The McCrackens had eight children, seven whom were born in China. A son of Joe and Helen, Josiah C. McCracken Jr., was a Penn football running back in the 1930s, whose nickname was the "Shanghai Express." During World War II Joe Jr. rose to the rank of Major in the U.S. Army Medical Corps and received the Bronze Star for his service in the southwest Pacific.

In May 1952 Joe Sr. returned to Kansas to visit relatives and the graves of his parents. While in Sterling he decided to sell his parents' farm. He donated the proceeds from the sale of the family farm to Sterling College in appreciation for what the school had done for him and other young people since then.
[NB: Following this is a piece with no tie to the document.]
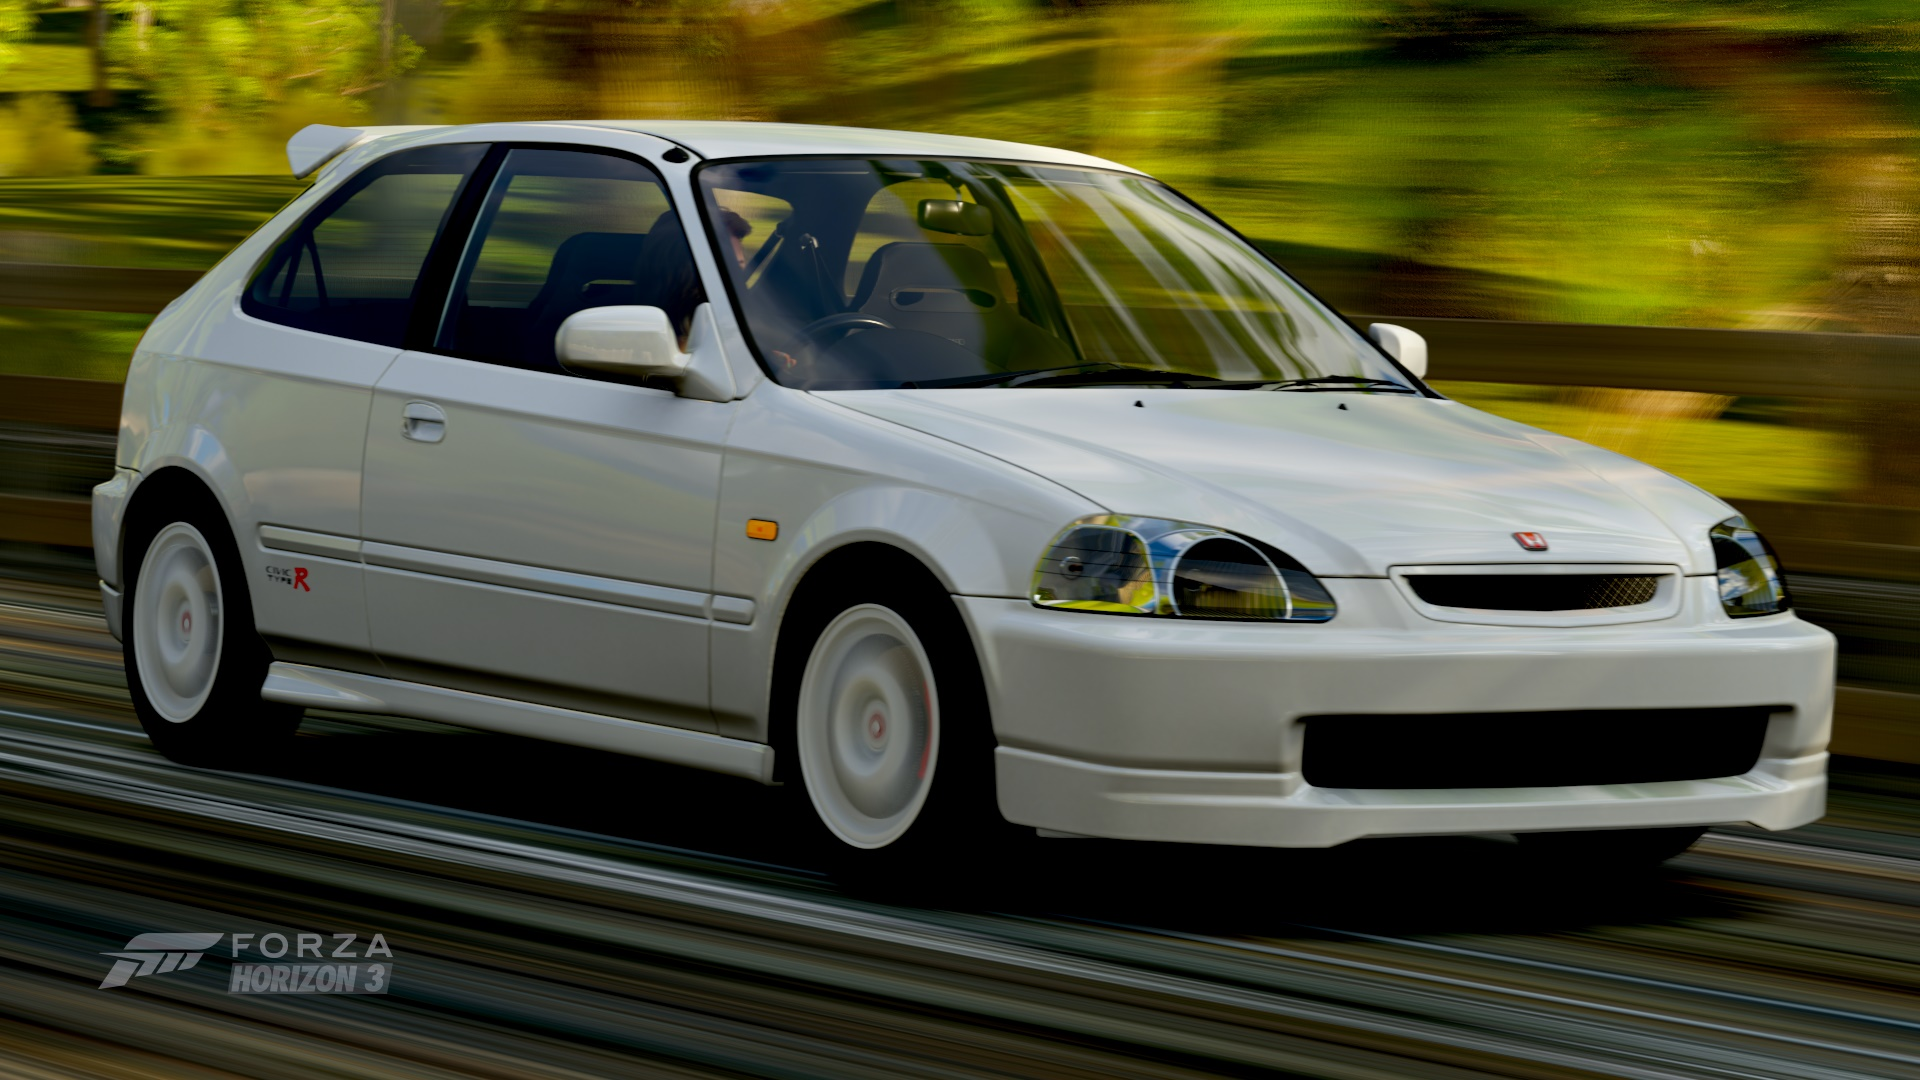 1997 Honda Civic Type R

Joe McCracken Sr. died in Chestnut Hill, Philadelphia, on February 15, 1962, at nearly 88 years of age, and is buried alongside his wife Helen and daughter Dr. Mary McCracken in Woodlawn Cemetery, Bronx, NY. Also buried in Woodlawn Cemetery are several of his distant relatives who had changed the spelling of the McCracken surname to MacCracken, including Henry Mitchell MacCracken, Chancellor of New York University, who conceived the idea of a Hall of Fame for Great Americans; and his sons Henry Noble MacCracken, President of Vassar College; and John Henry MacCracken, President of Lafayette College.

On May 23, 1956, Joe was elected to the University of Pennsylvania Track Hall of Fame. On November 11, 2000, he was inducted into the University of Pennsylvania Athletic Hall of Fame.

In 2008, the University of Pennsylvania Christian Association established the Dr. Josiah C. McCracken Society.

In 2010, McCracken was nominated for induction into the Kansas Sports Hall of Fame so he could take his place alongside the other two Kansas Musketeers Kennedy and Outland who had been inducted in 1974.